Specifically, this is to urge rejection of outright repeal in favor of increasing the dollar amount exempted from estate taxes. This will have the effect of protecting small family farms and businesses while avoiding serious consequences for important charitable entities like our educational institutions, both public and private, that depend on private gift support to ensure educational quality. Such an approach would also steer clear of unknown and potentially harmful consequences associated with a radical change in a public policy that, for most of the last century, has had an undeniably salutary effect on developing and maintaining some of our finest eleemosynary institutions. Indeed, educational leaders in other nations today are urging their governments to emulate the incentives for philanthropy found in the current American tax code.
If the United States is to continue as a world leader in higher education, then it must continue to be a world leader in philanthropy. While donors are motivated by many factors, the estate tax law figures prominently in their decisions to donate approximately $3.0 billion to education each year through a combination of outright bequests and deferred charitable gift instruments. The latter have doubled as a percentage of total individual giving during the past two decades and often are highly significant to the success of modern educational fund-raising campaigns.

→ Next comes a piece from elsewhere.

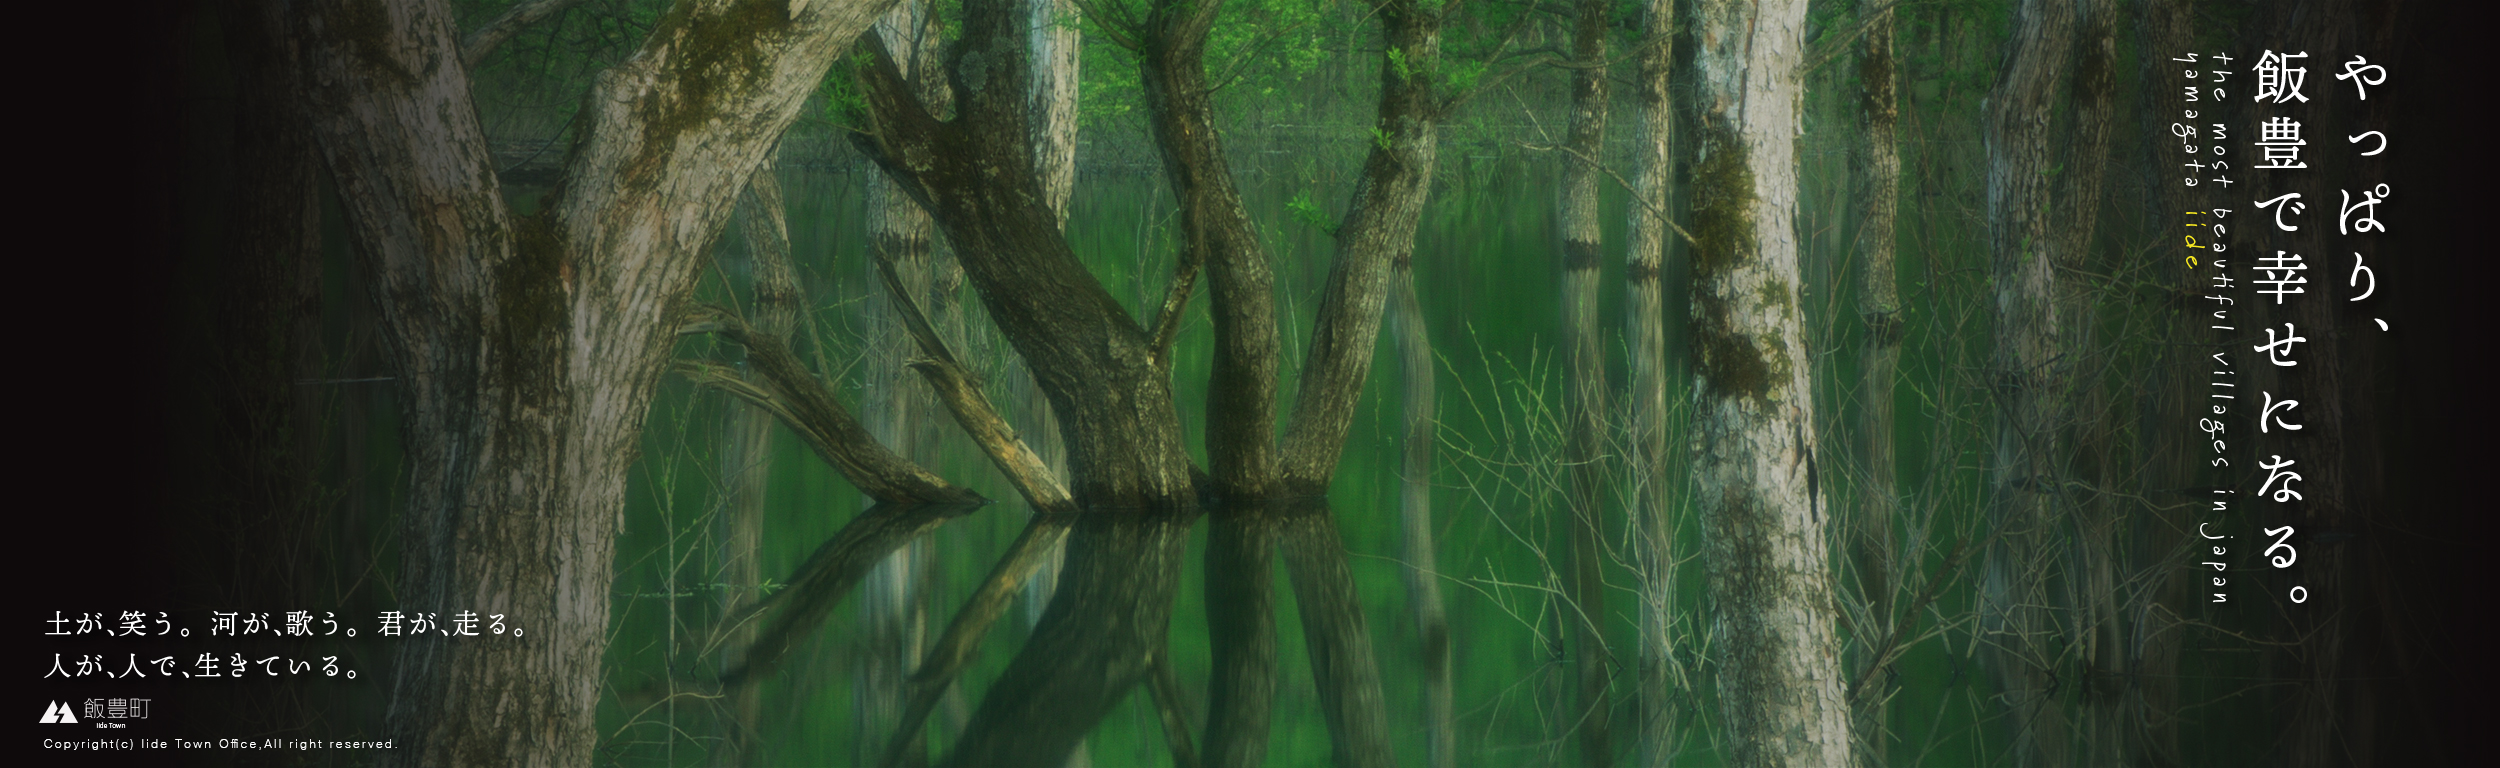 スポーツ ベット カジノ
白川湖の水没林スライドバナー画像

Our nation has established an enviable record of success in stimulating private giving to education. The quality of American higher education has been built upon a remarkable partnership of public and private support. As you consider changes to the estate tax law, I urge you to take actions designed to build on that record in this new century. Reforming, not repealing, the federal estate tax program is the most educationally, fiscally, and philanthropically responsible course of action.
Sincerely,
Vance T. Peterson, Ph.D.
President
cc: The Honorable Orrin Hatch
The Honorable Frank Murkowski
The Honorable Don Nickles
The Honorable Phil Gramm
The Honorable Trent Lott
The Honorable James Jeffords
The Honorable Fred Thompson
The Honorable Olympia Snowe
The Honorable Jon Kyl
The Council for Advancement and Support of Education (CASE) is the largest educational association in the world, with 3,200 institutional members in 45 countries. CASE is the leading resource for professional development, information, and standards in the fields of educational fund raising, communications, and alumni relations.